> _Task directions_: Skip the pictures, please, and write out exactly every line from the one containing "Black Panther 2018" through the end of the listing below.

━━━ Dataset extract

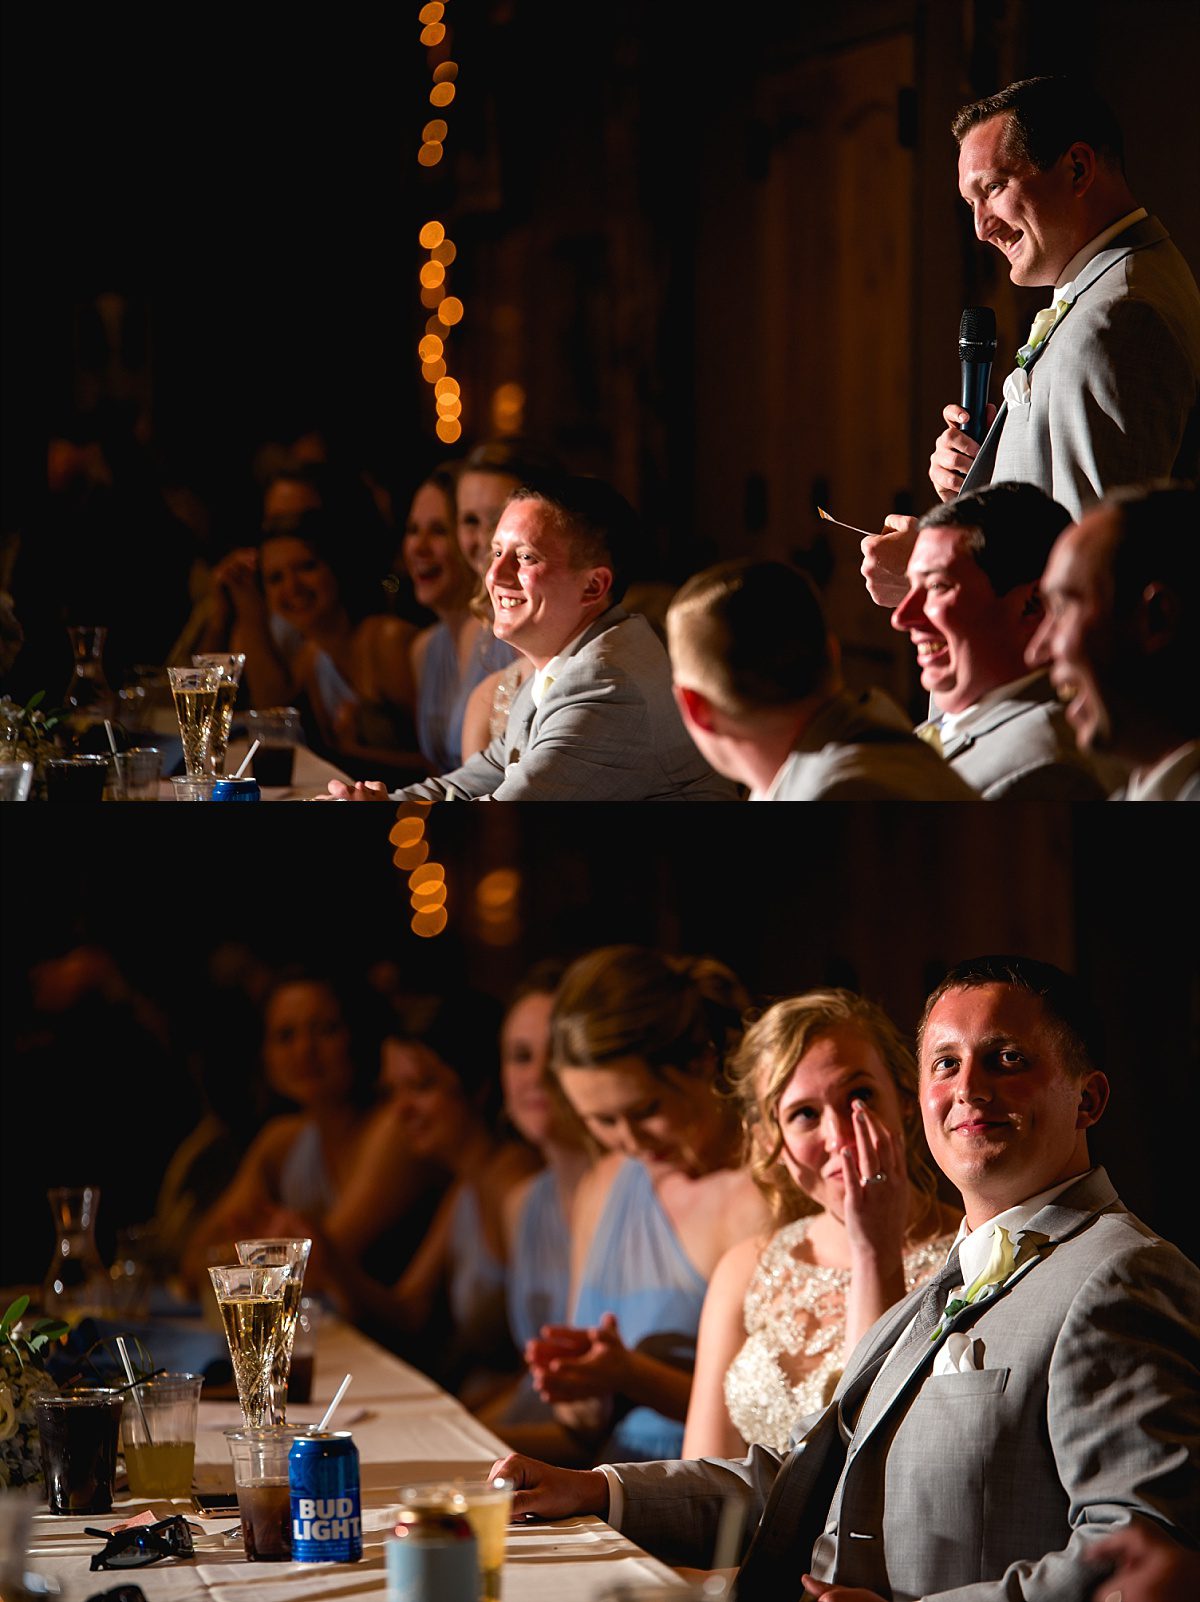 candid moments at wedding reception | Noblesville, IN wedding photographer
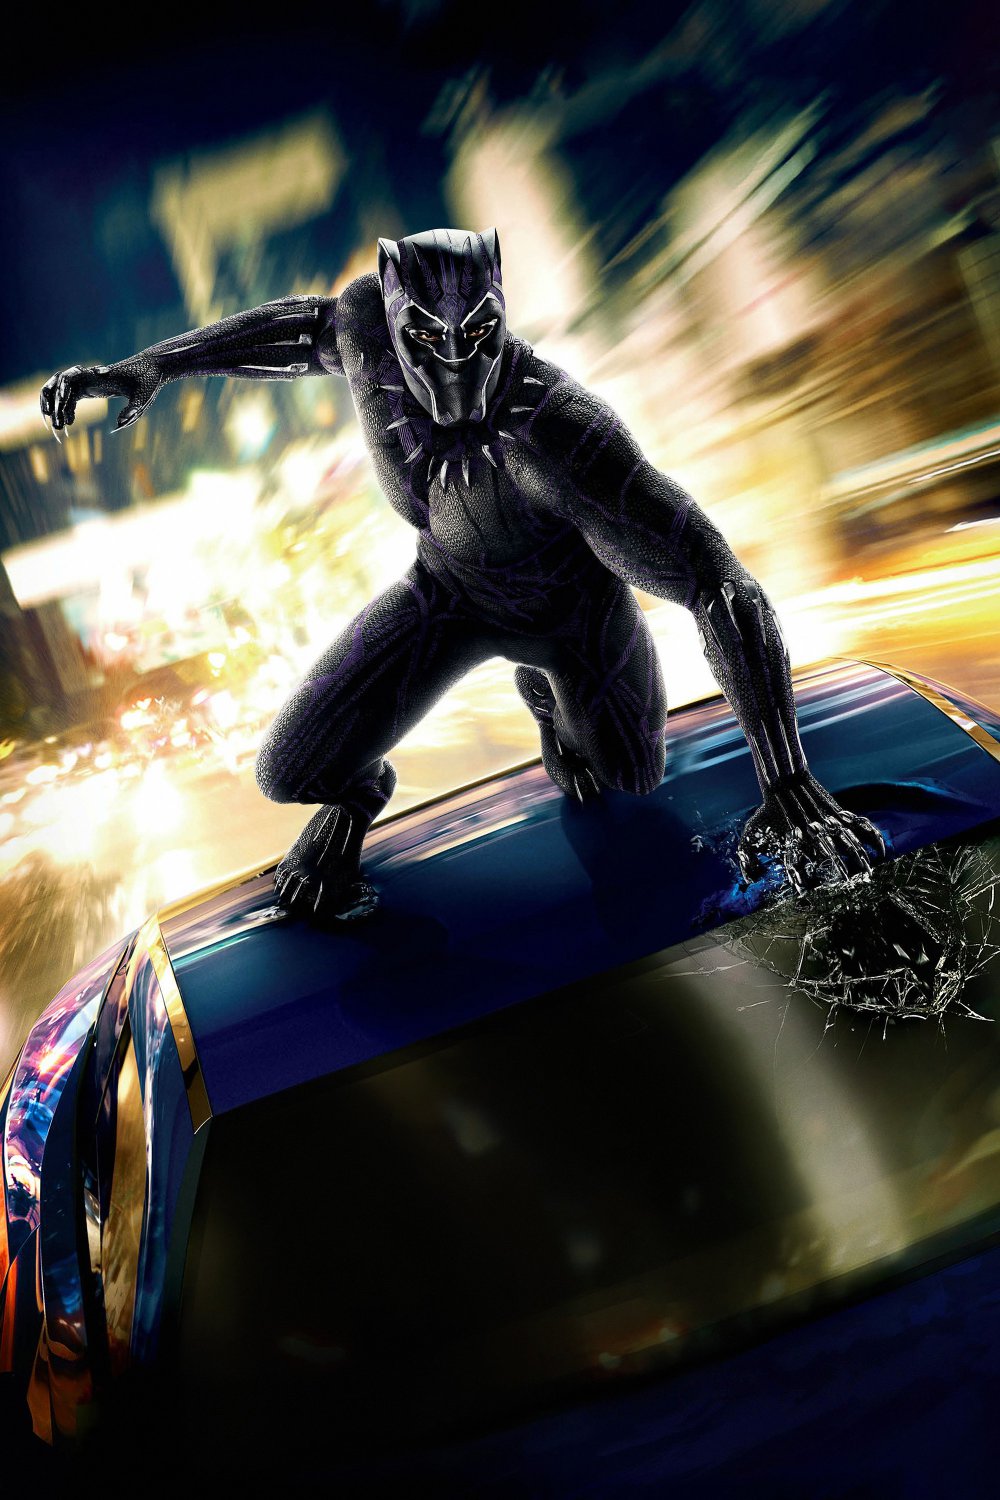 Black Panther 2018 Movie   13"x19" (32cm/49cm) Polyester Fabric Poster
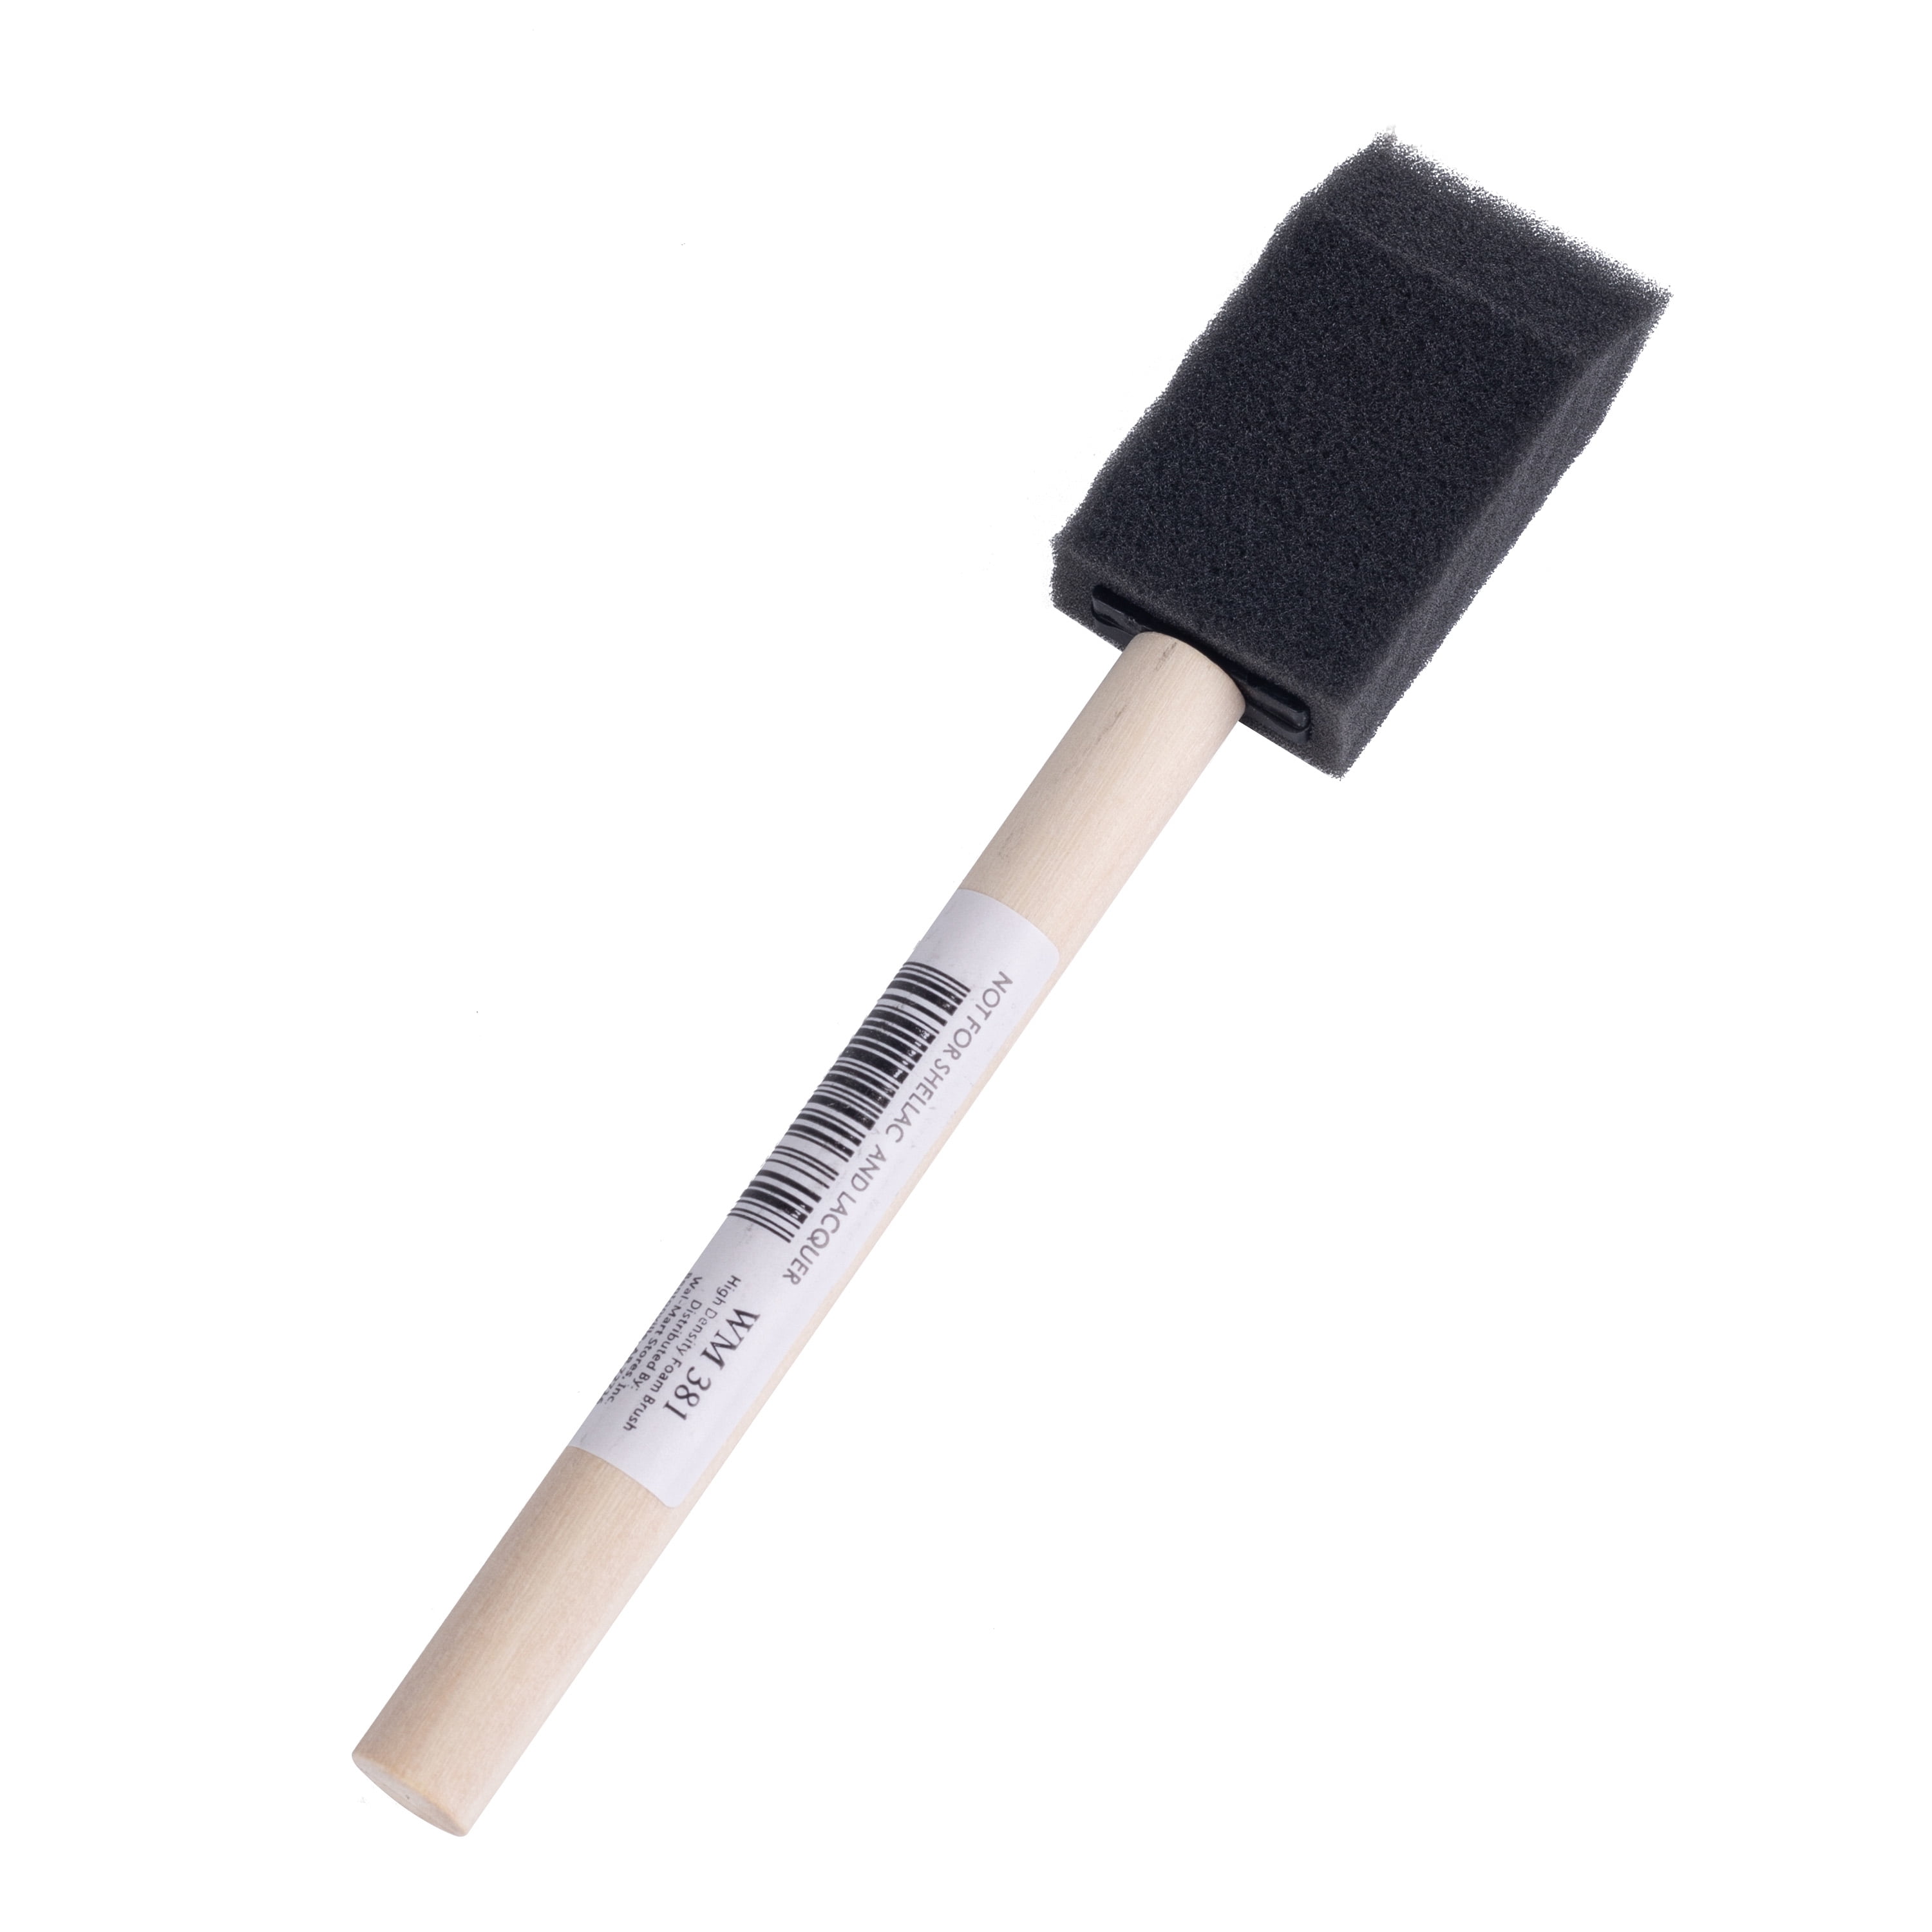 Buy Foam Brushes, 1 (Pack of 12) at S&S Worldwide

━━━━━━

> _Exercise output_:
 Black Panther 2018 Movie   13"x19" (32cm/49cm) Polyester Fabric Poster
 Buy Foam Brushes, 1 (Pack of 12) at S&S Worldwide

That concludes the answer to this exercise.